A Federal Reserve indicator of economic growth suggests that the United States has entered a recession.
Most Wall Street economists believe negative growth is more likely in the future, although it won’t happen until at least 2023.
However, the Atlanta Fed’s GDPNow gauge, which follows economic data in real time and adjusts continuously, predicts a 2.1 per cent drop in second-quarter output. When combined with the 1.6 per cent fall in the first quarter, this would meet the technical definition of a recession.
“GDPNow has a strong track record, and the closer we get to July 28th’s release [of the initial Q2 GDP estimate] the more accurate it becomes,” wrote Nicholas Colas, co-founder of DataTrek Research.
The tracker fell sharply from its previous forecast of 0.3 percent increase on June 27. The drop was driven by data this week showing additional weakening in consumer spending and inflation-adjusted domestic investment, which put the April-June period in negative territory.
Rising interest rates were a significant change in the quarter. To combat rising inflation, the Fed has raised its benchmark borrowing rate by 1.5 percentage points since March, with further rises expected for the rest of the year and possibly into 2023.
Fed officials have voiced confidence that they will be able to control inflation without causing the economy to fall into recession. However, Chair Jerome Powell stated earlier this week that lowering inflation is the priority right now.
Powell was asked what he would advise the American people about how long it will take for monetary policy to address the rising cost of living during a panel discussion hosted by the European Union earlier this week.
He said he would tell the public, “We fully understand and appreciate the pain people are going through dealing with higher inflation, that we have the tools to address that and the resolve to use them, and that we are committed to and will succeed in getting inflation down to 2%. The process is highly likely to involve some pain, but the worse pain would be from failing to address this high inflation and allowing it to become persistent.”
It is unknown whether this will lead to a recession. The National Bureau of Economic Research, the official judge of recessions and expansions, observes that two consecutive quarters of negative growth are not required to define a recession. However, since World War II, the United States has never contracted in successive quarters while not being in recession.

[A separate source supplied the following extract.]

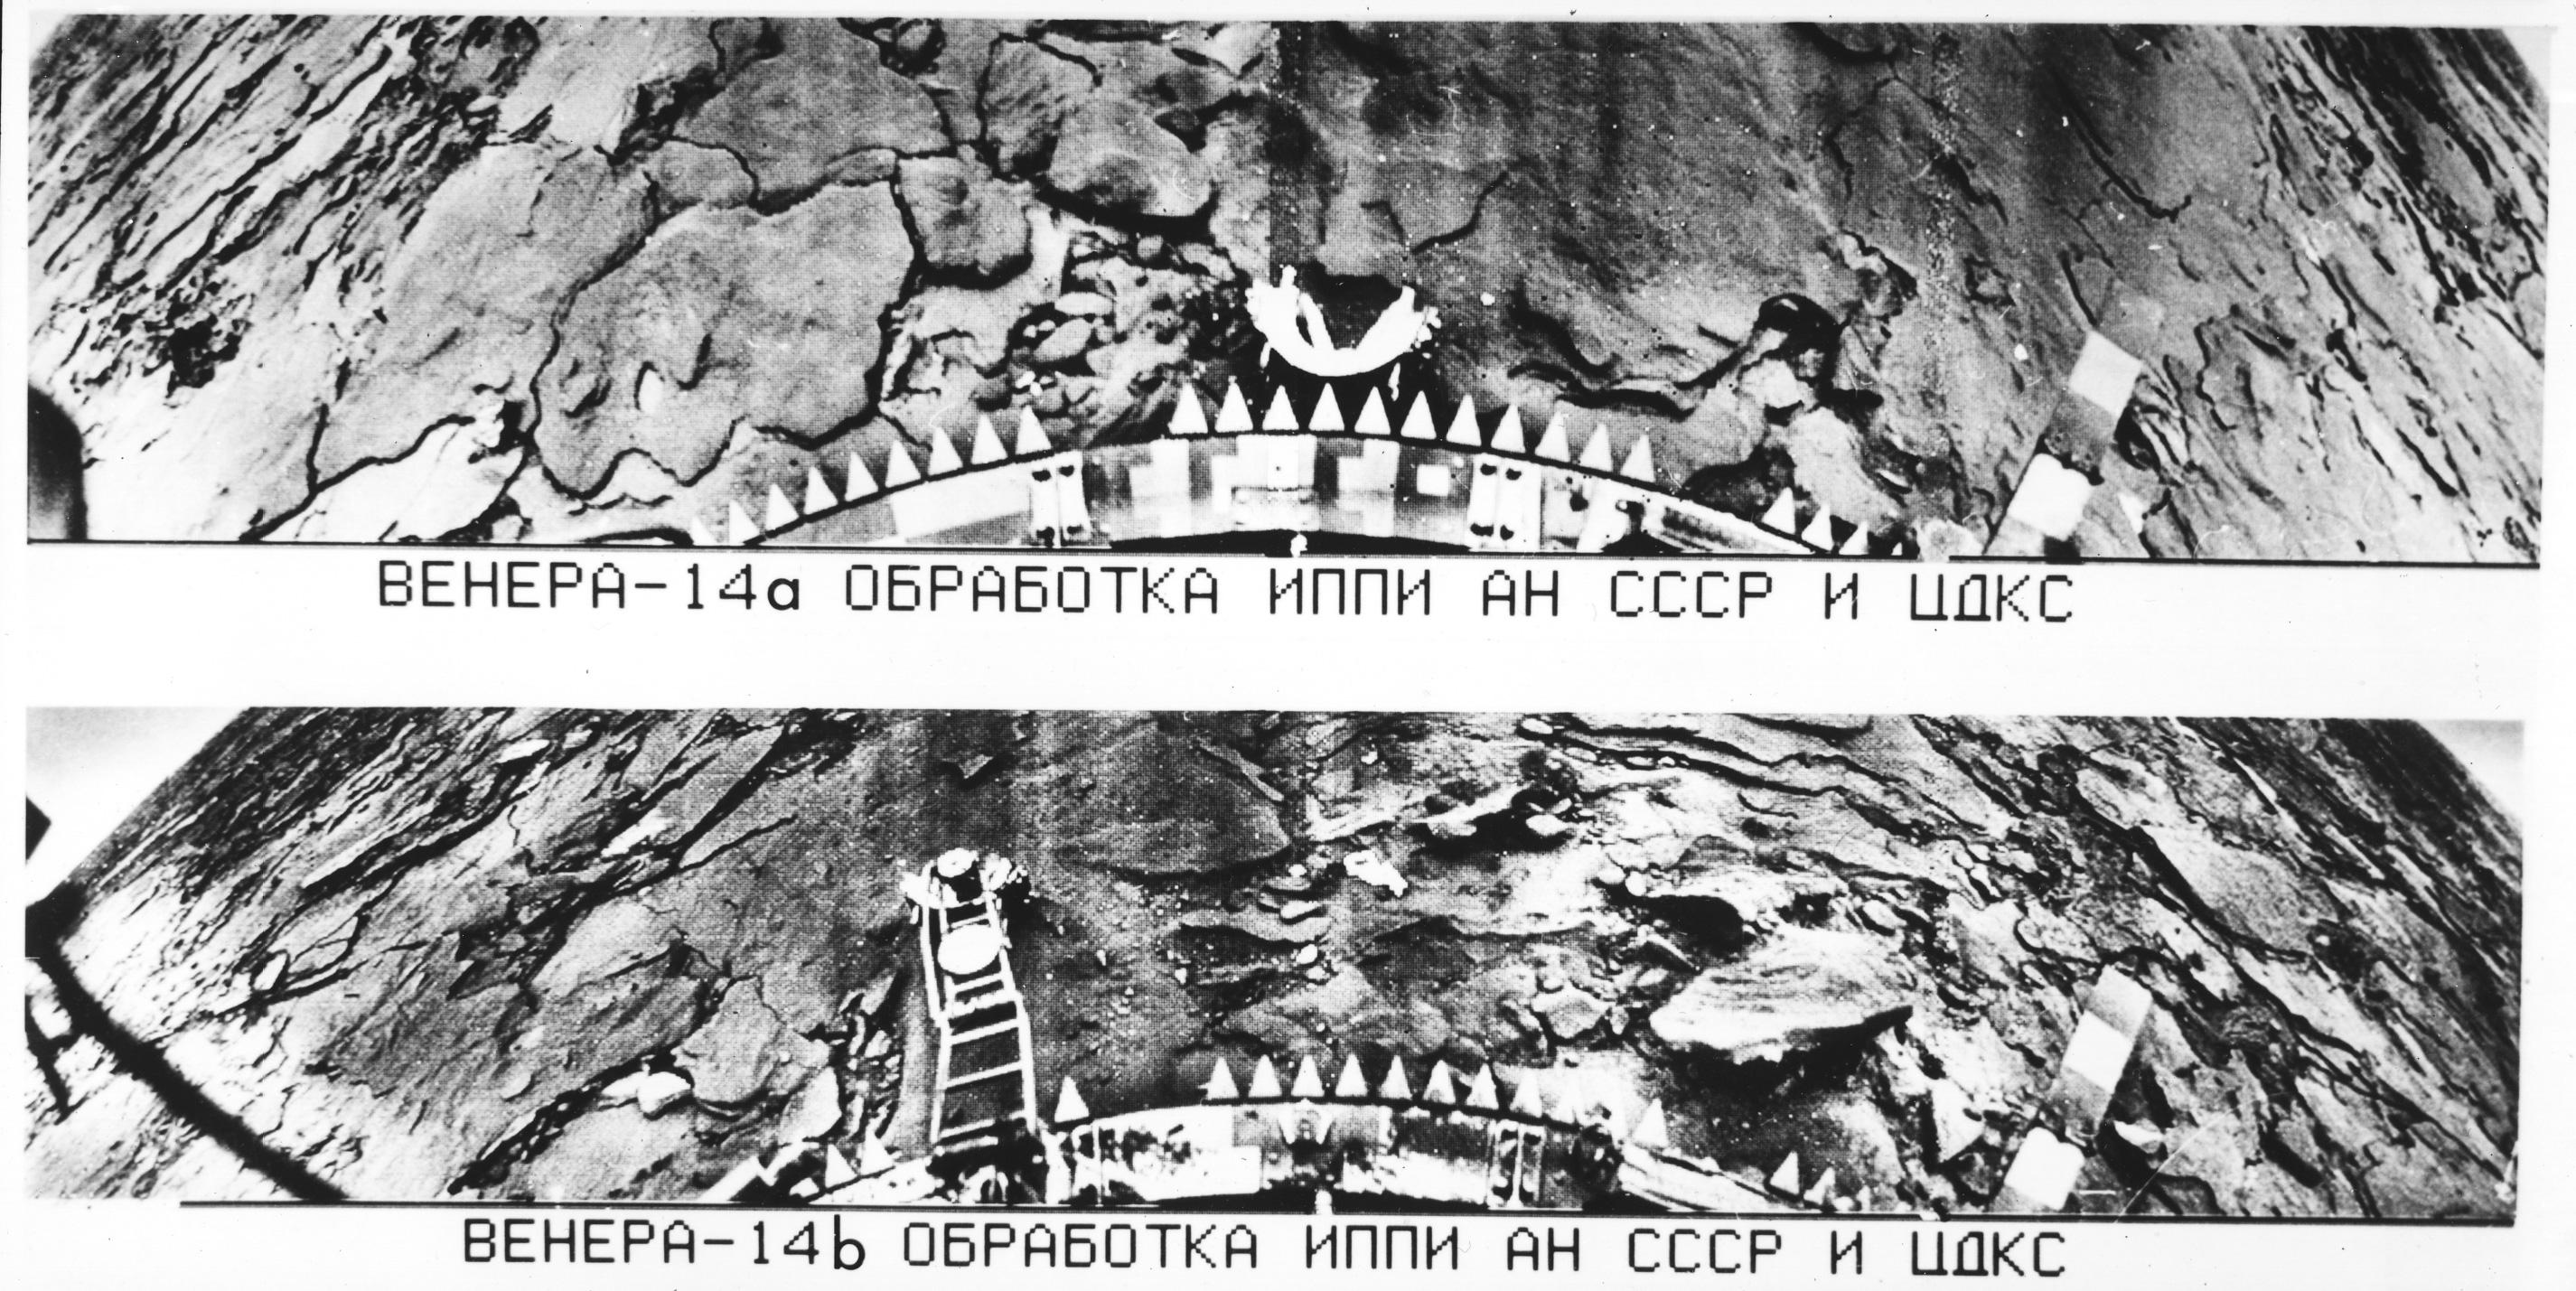 History of Soviet Space Program V14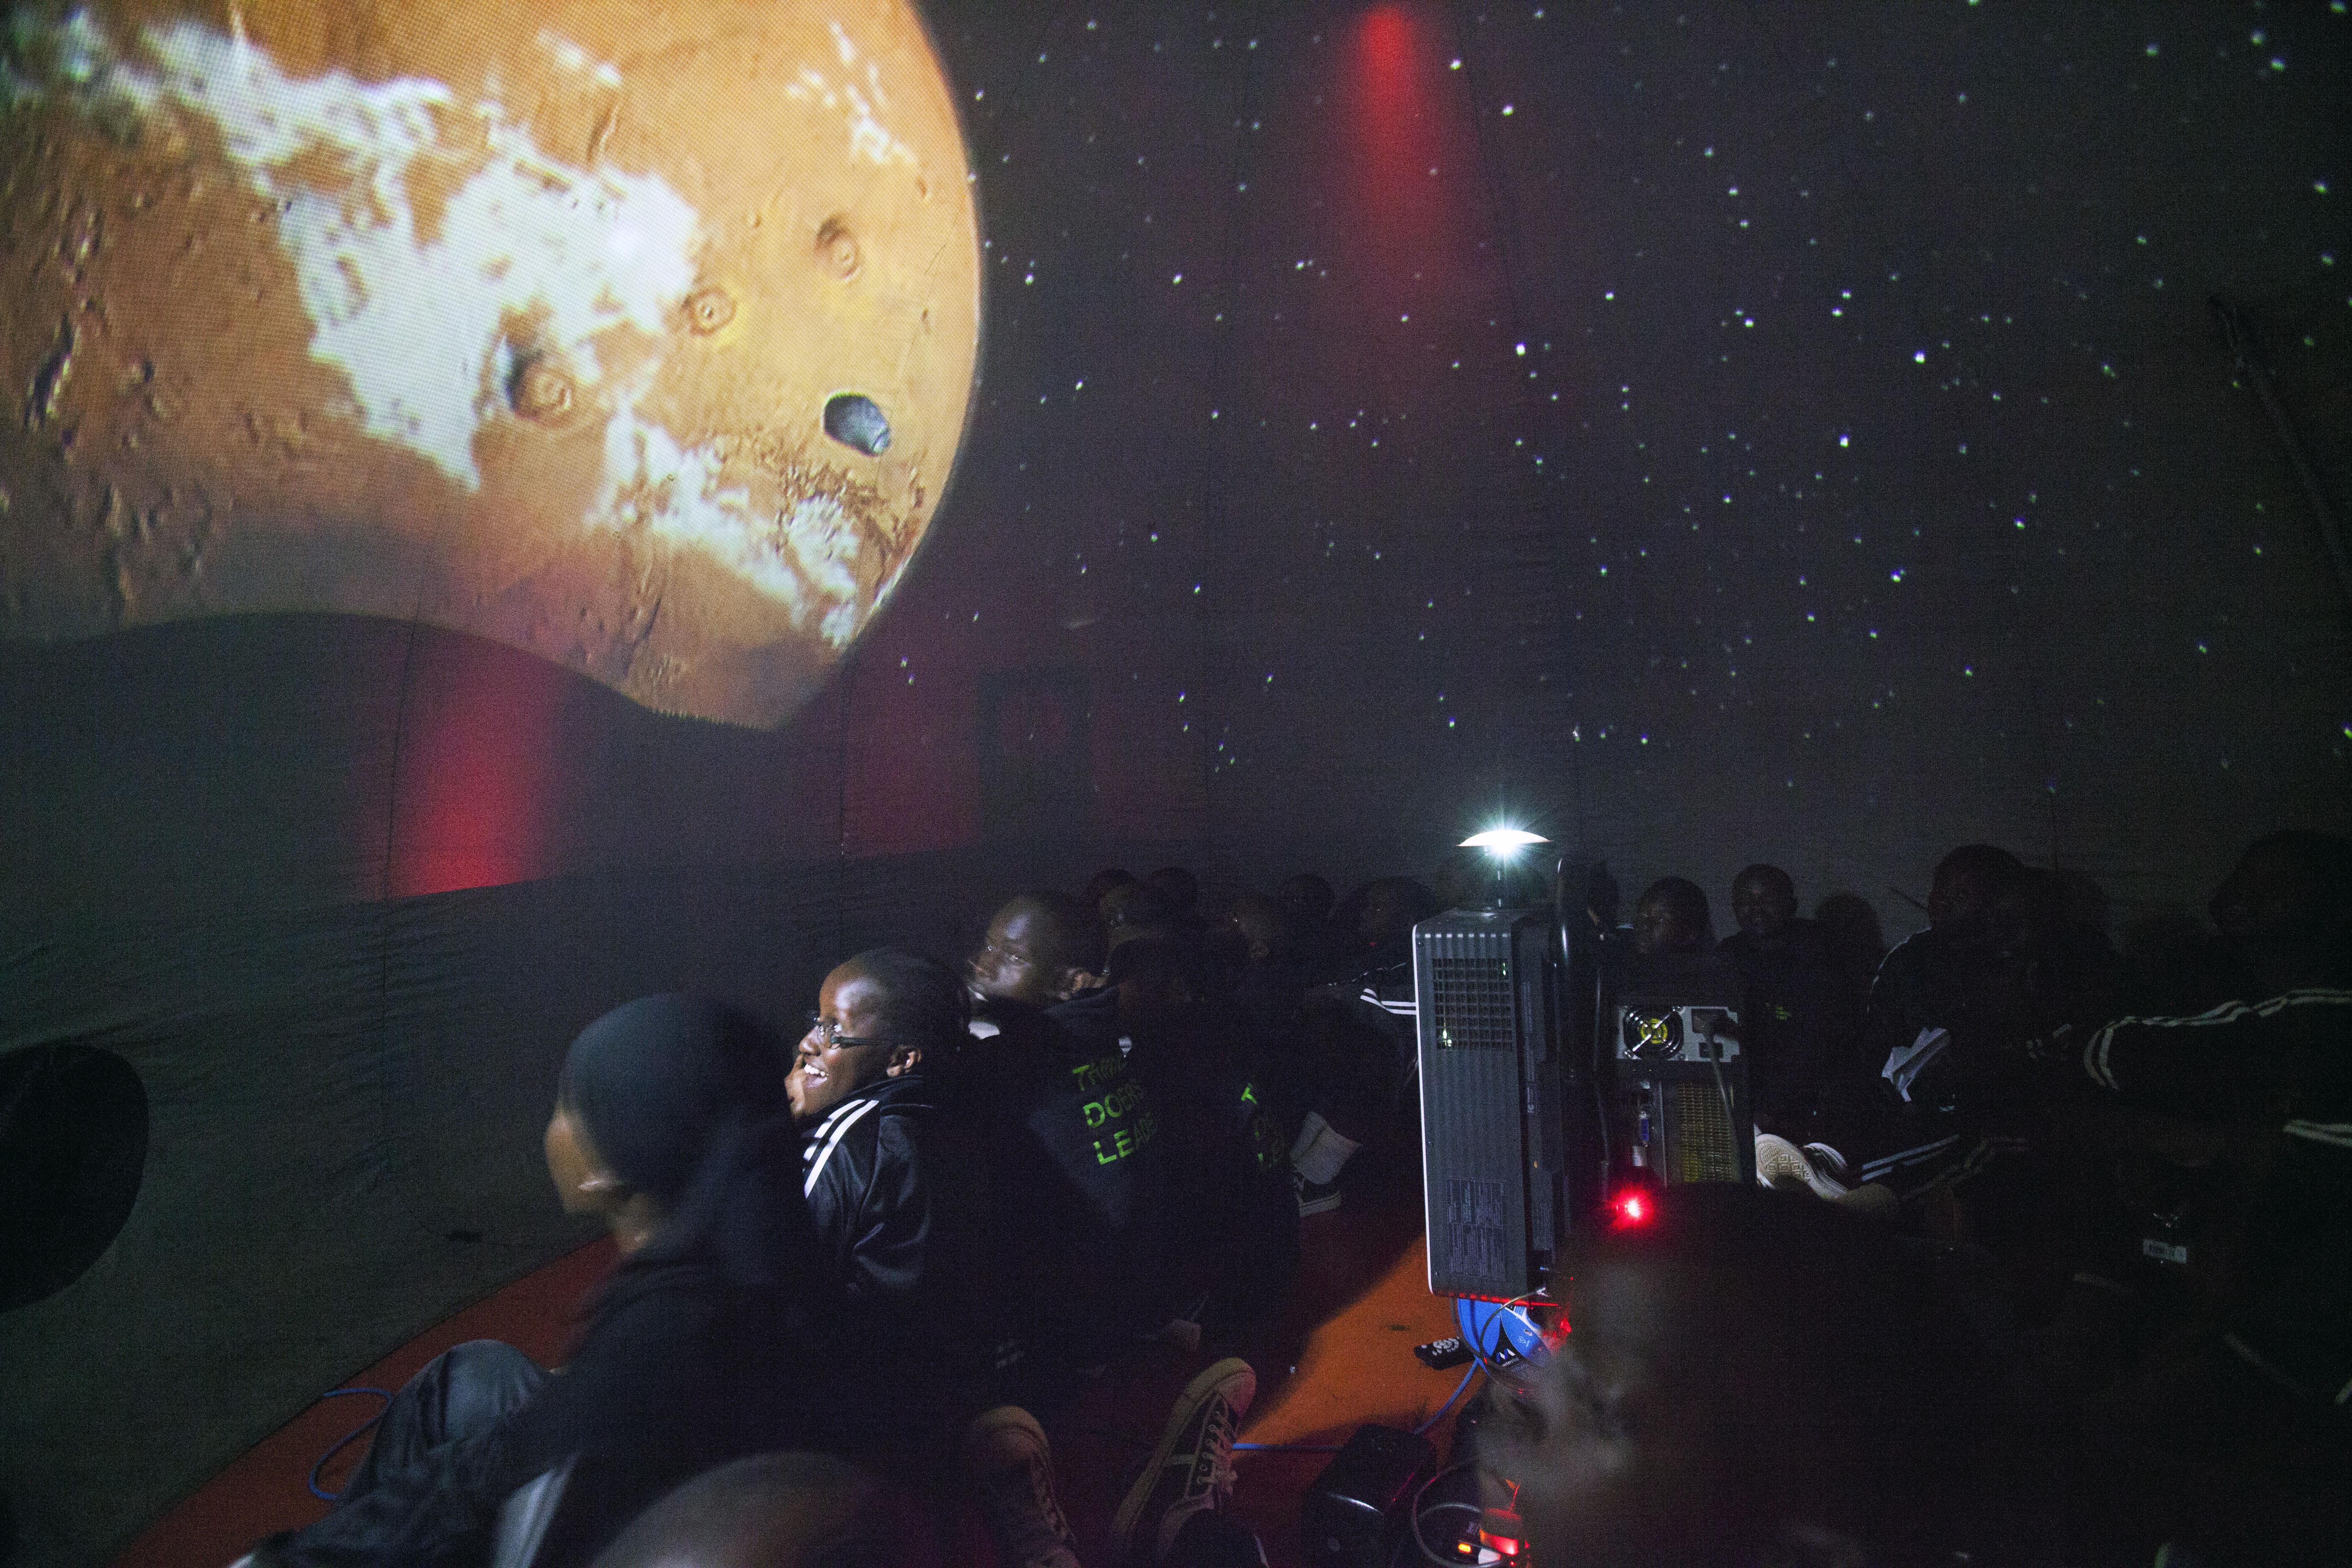 Inside the mobile planetarium

This tracker, to be true, can be volatile and swing with each data release. However, according to Colas, the GDPNow model becomes increasingly accurate as the quarter unfolds.
“The model’s long-run track record is excellent,” he said. “Since the Atlanta Fed first started running the model in 2011, its average error has been just -0.3 points. From 2011 to 2019 (excluding the economic volatility around the pandemic), its tracking error averaged zero.”
He also mentioned that US Treasury yields had dropped dramatically in the last two weeks as a result of the reduced growth outlook.
“Stocks have taken no comfort from the recent decline in yields because they see the same issue portrayed in the GDPNow data: a US economy that is rapidly cooling,” Colas added.